November 2019

Newsletter No. 68

60th Anniversary celebration of the UN Declaration of the Rights of the Child.
Productivity Commission Report.
Youth Mental Health New Model of Care
History Corner 1917

MHYFVic Forum
60th Anniversary of the UN Declaration of the Rights of the Child.
How are we doing?
On 20 November, 1989, the Convention of the Rights of the Child was adopted by the UN General Assembly. On 20 November, 2019, we had the opportunity to celebrate thirty years of the Convention and sixty years of the Declaration and the opportunity to measure our success. We did this by hosting a forum on Wednesday 20th November at the Royal Children’s Hospital to consider how we are shaping up in relation to the principles of the Convention.
There were presentations on a variety of topics, including legal rights in Australia, bio- ethics, infants, indigenous children, and out- of-home care. Responses were given by Liana Buchanan, the Commissioner for Children, and the Honourable Justice Nicholson, former Chief Justice of the Family Court of Australia.
It was a really fascinating forum, greatly appreciated by everyone present. We are
hoping to obtain transcripts of the presentations for posting on our website although this is a challenging task and may take a while. We will report further in future newsletters.
Summary of Draft Report on Mental Health by the
Productivity Commission
Australia’s mental health: a generational shift is needed

  • In any year, approximately one in five Australians experiences mental ill-health. While most people manage their health themselves, many who do seek treatment are not receiving the level of care necessary. As a result, too many people suffer additional preventable physical and mental distress, relationship breakdown, stigma, and loss of life satisfaction and opportunities.
  • The treatment of mental illness has been tacked on to a health system that has been largely designed around the characteristics of physical illness. But in contrast to many physical health conditions

− mental illness tends to first emerge in younger people (75% of those who develop mental illness, first experience mental ill-health before the age of 25 years) raising the importance of identifying risk factors and treating illness early where possible.

  • −  there is less awareness of what constitutes mental ill-health, the types of help available or who can assist. This creates need for not only clear gateways into mental healthcare, but effective ways to find out about and navigate the range of services available to people.
  • −  the importance of non-health services and organisations in both preventing mental illness from developing and in facilitating a person’s recovery are magnified, with key roles evident for — and a need for coordination between — psychosocial supports, housing services, the justice system, workplaces and social security.
  • −  adjustments made to facilitate people’s active participation in the community, education and workplaces have, for the most part, lagged adjustments made for physical illnesses, with a need for more definitive guidance on what adjustments are necessary and what interventions are effective.

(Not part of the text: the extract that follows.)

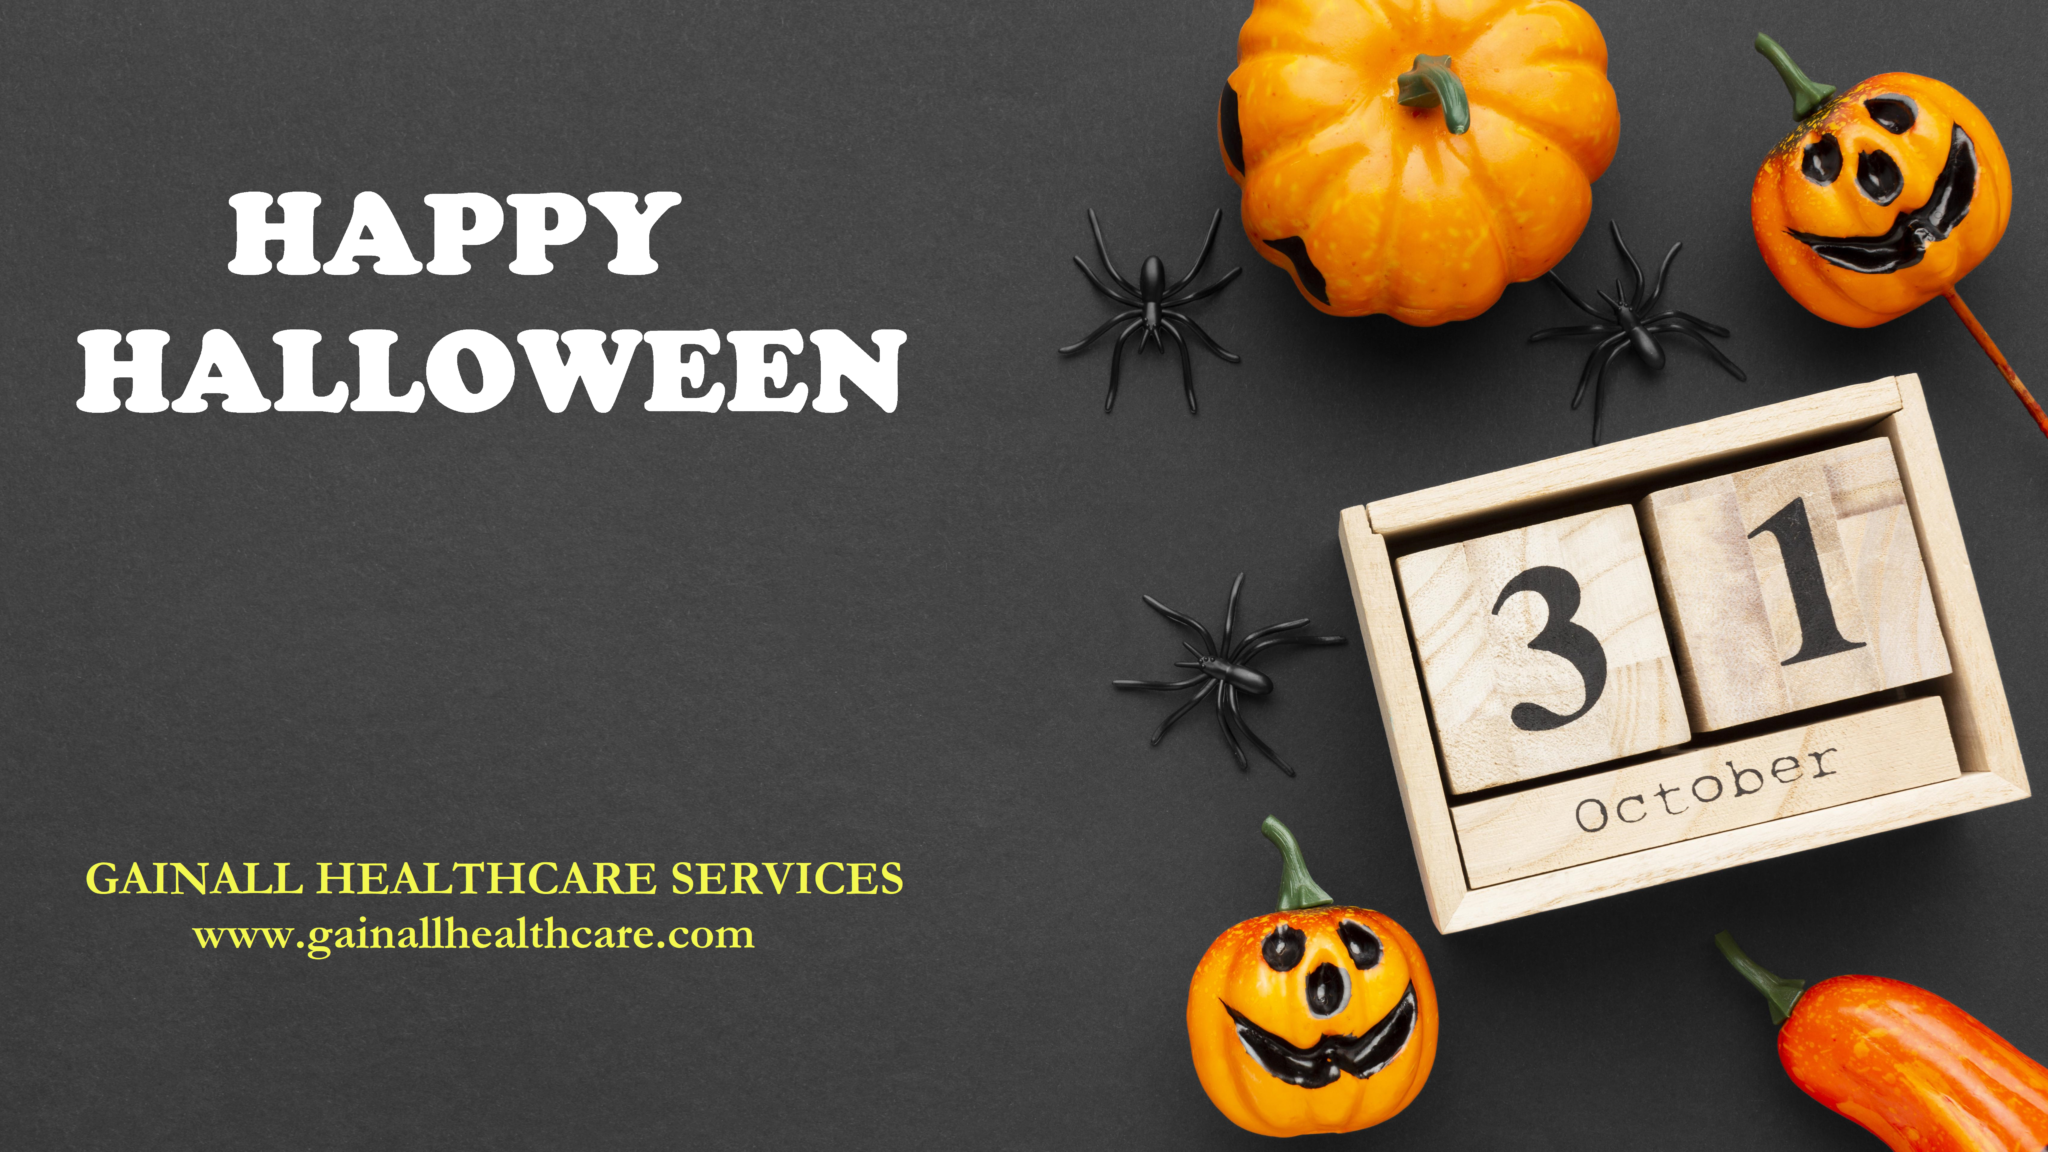 Happy Halloween - Gainall Healthcare Services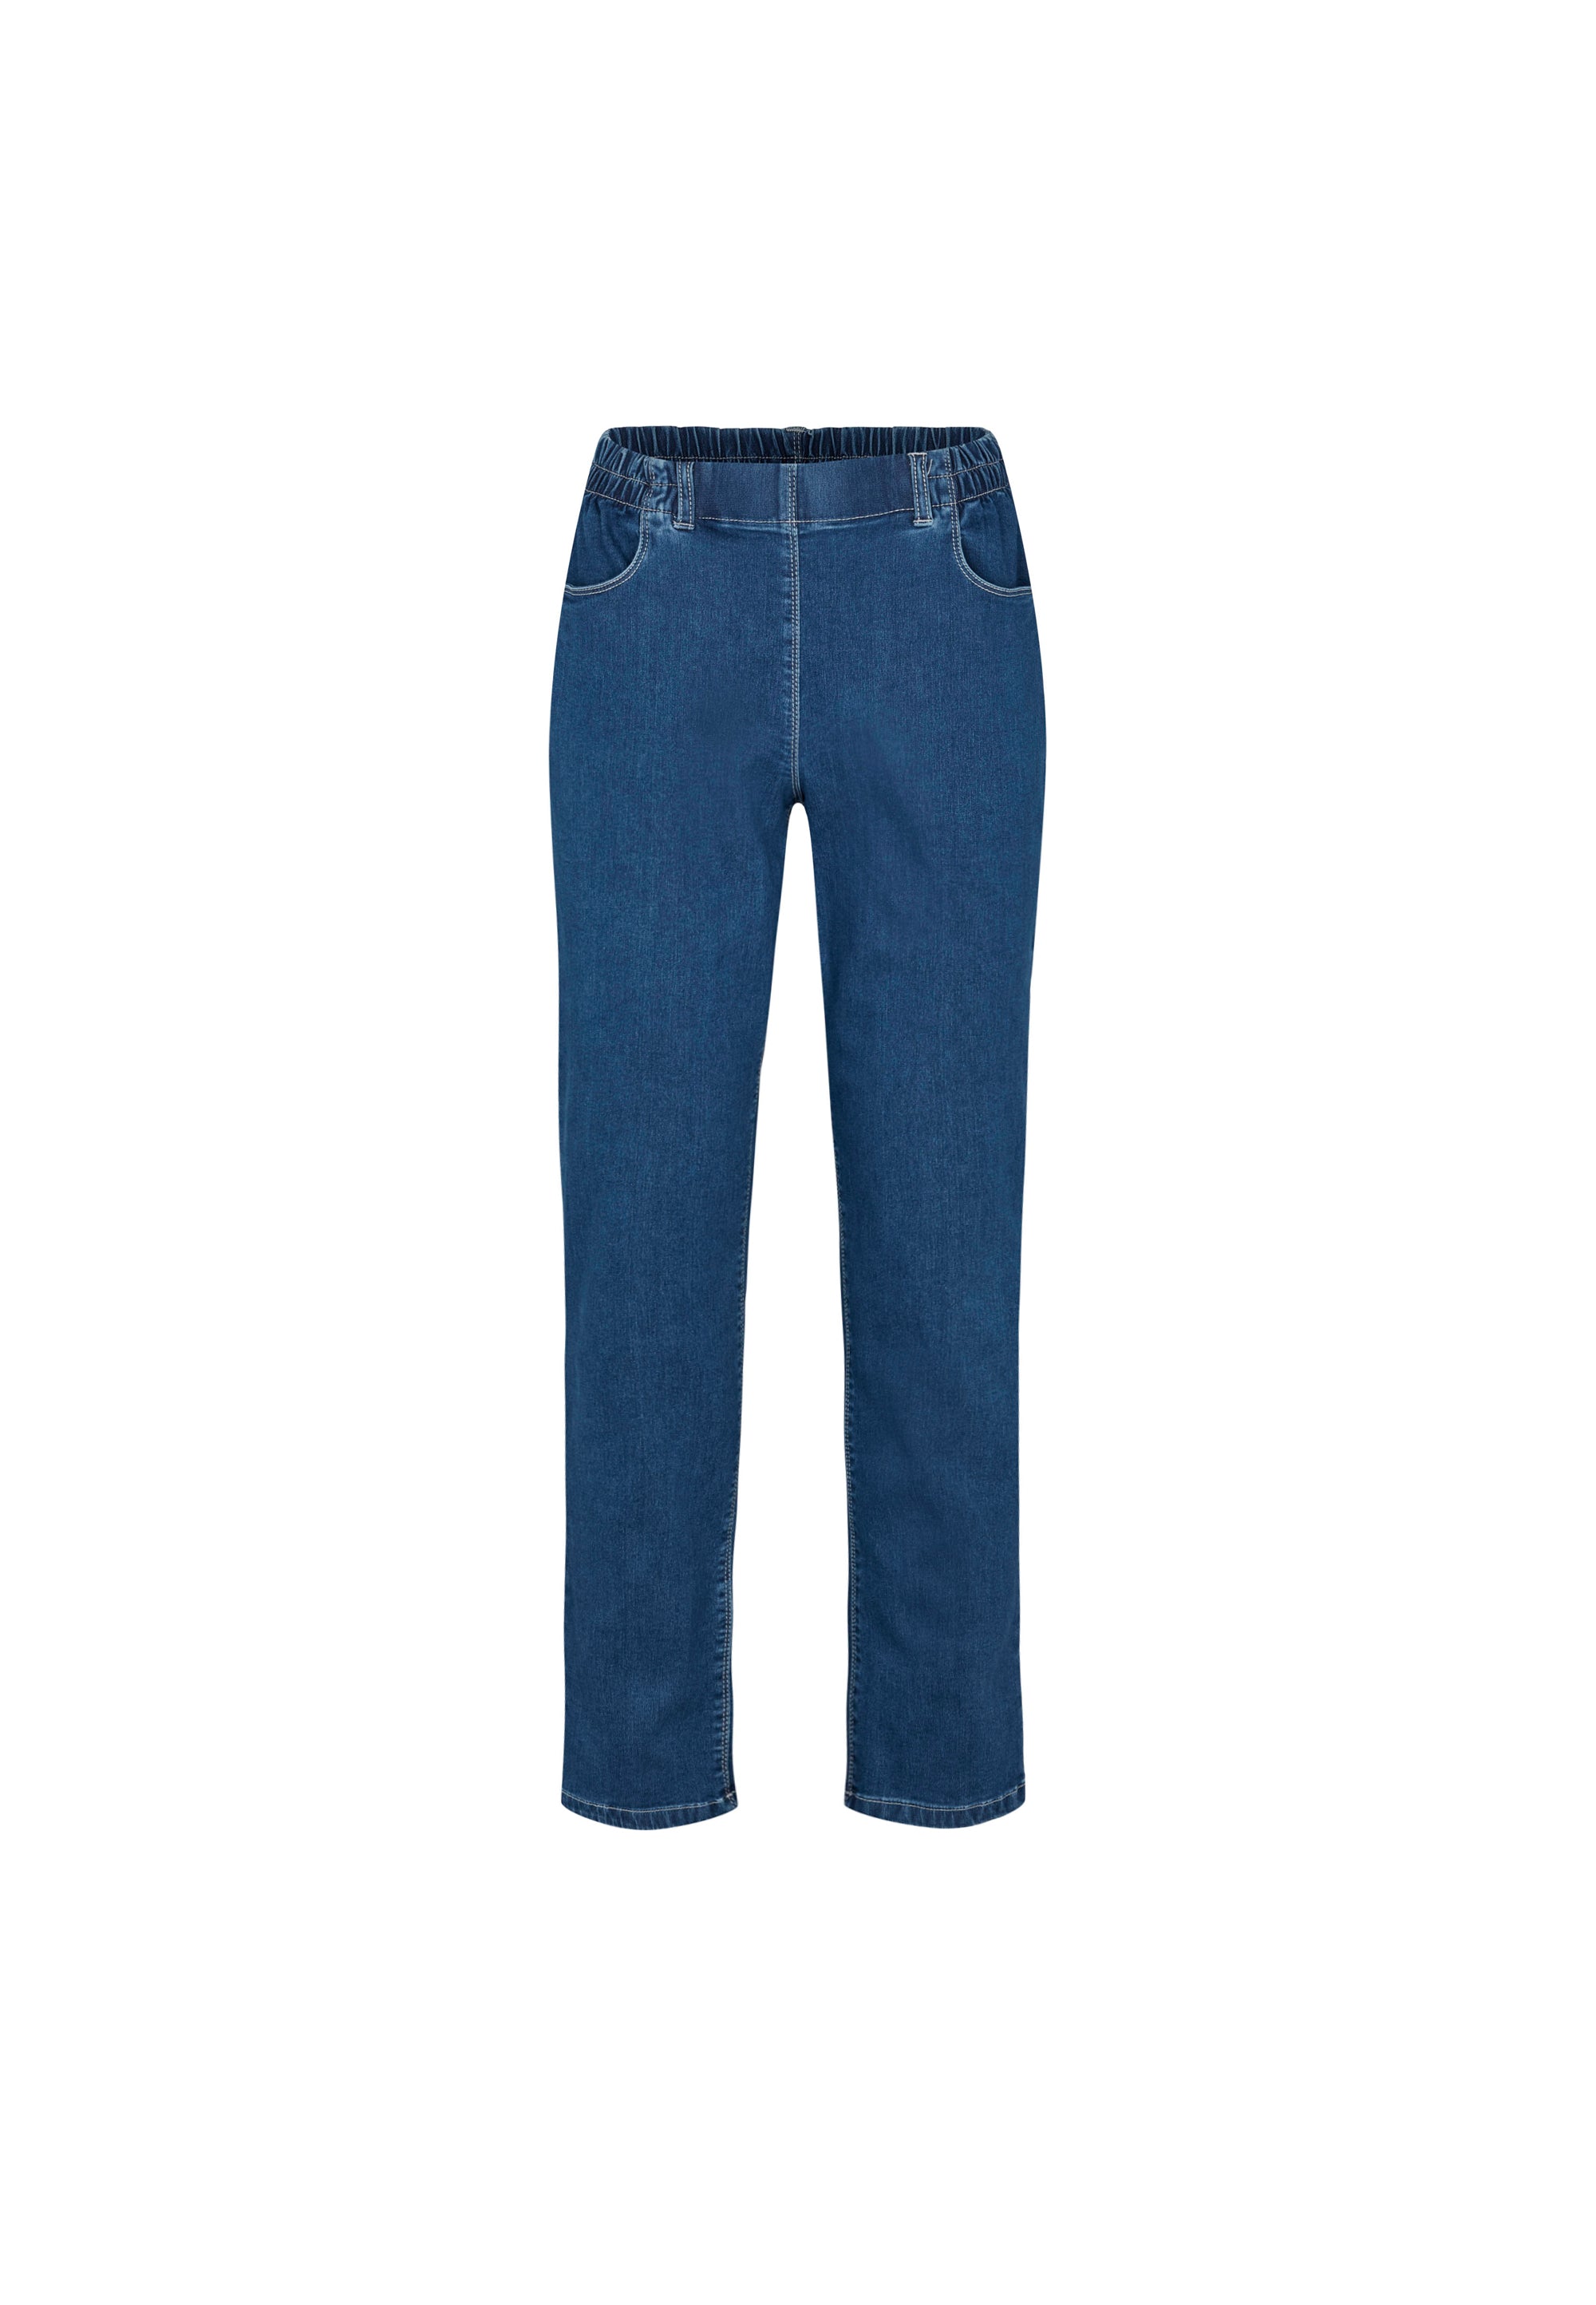 LAURIE Violet Relaxed - Medium Length Trousers RELAXED 49401 Blue Denim

• The cost to the Australian economy of mental ill-health and suicide is, conservatively, in the order of $43 to $51 billion per year. Additional to this is an approximately $130 billion cost associated with diminished health and reduced life expectancy for those living with mental ill- health.
A path for maintainable long term reform
• Changes recommended are substantial but they would set Australia on a path for maintainable long term reform of its mental health system. Priority reforms are identified and a staged reform agenda is proposed.
Reform area 1: prevention and early intervention for mental illness and suicide attempts
• Consistent screening of social and emotional development should be included in existing early childhood physical development checks to enable early intervention.
• Much is already expected of schools in supporting children’s social and emotional wellbeing, and they should be adequately equipped for this task through: inclusion of training on child social and emotional development in professional requirements for all teachers; proactive outreach services for students disengaged with school because of mental illness; and provision in all schools of an additional senior teacher dedicated to the mental health and wellbeing of students and maintaining links to mental health support services in the local community.
• There is no single measure that would prevent suicides but reducing known risks (for example, through follow-up of people after a suicide attempt) and becoming more systematic in prevention activity are ways forward.
Reform area 2: close critical gaps in healthcare services
The availability and delivery of healthcare should be reformed to allow timely access by people with mental ill-health to the right treatment for their condition. Governments should work together to ensure ongoing funded provision of:
– services for people experiencing a mental health crisis that operate for extended hours and which, subject to the individual’s needs and circumstances, provide an alternative to hospital emergency departments
– acute inpatient beds and specialised community mental health bed-based
care sufficient to meet assessed regional needs

  • –  access to moderate intensity care, face- to-face and through videoconference, for a duration commensurate with effective treatment for the mental illness
  • –  expanded low intensity clinician- supported on-line treatment and self- help resources, ensuring this is consistently available when people need it, regardless of the time of day, their locality, or the locality choices of providers.
    Reform area 3: investment in services beyond health

• Investment is needed across Australia in
long-term housing solutions for those people with severe mental illness who lack stable housing. Stable housing for this group would not only improve their mental health and inclusion within the community, but reduce their future need for higher cost mental health inpatient services.
Reform area 4: assistance for people with mental illness to get into work and enable early treatment of work-related mental illness

  • Individual placement and support programs that reconnect people with mental illness into workplaces should be progressively rolled out, subject to periodic evaluation and ongoing monitoring, to improve workforce participation and reduce future reliance on income support.
  • Mental health should be explicitly included in workplace health and safety, with codes of practice for employers developed and implemented.
  • No-liability clinical treatment should be provided for mental health related workers compensation claims until the injured worker returns to work or up to six months.

Reform area 5: fundamental reform to care coordination, governance and funding arrangements
• Care pathways for people using the mental health system need to be clear and seamless with: single care plans for people receiving care from multiple providers; care coordination services for people with the most complex needs; and online navigation platforms for mental health referral pathways that extend beyond the health sector.
• Reforms to the governance arrangements that underpin Australia’s mental health system are essential to inject genuine accountability, clarify responsibilities and ensure consumers and carers participate fully in the design of policies and programs that affect their lives.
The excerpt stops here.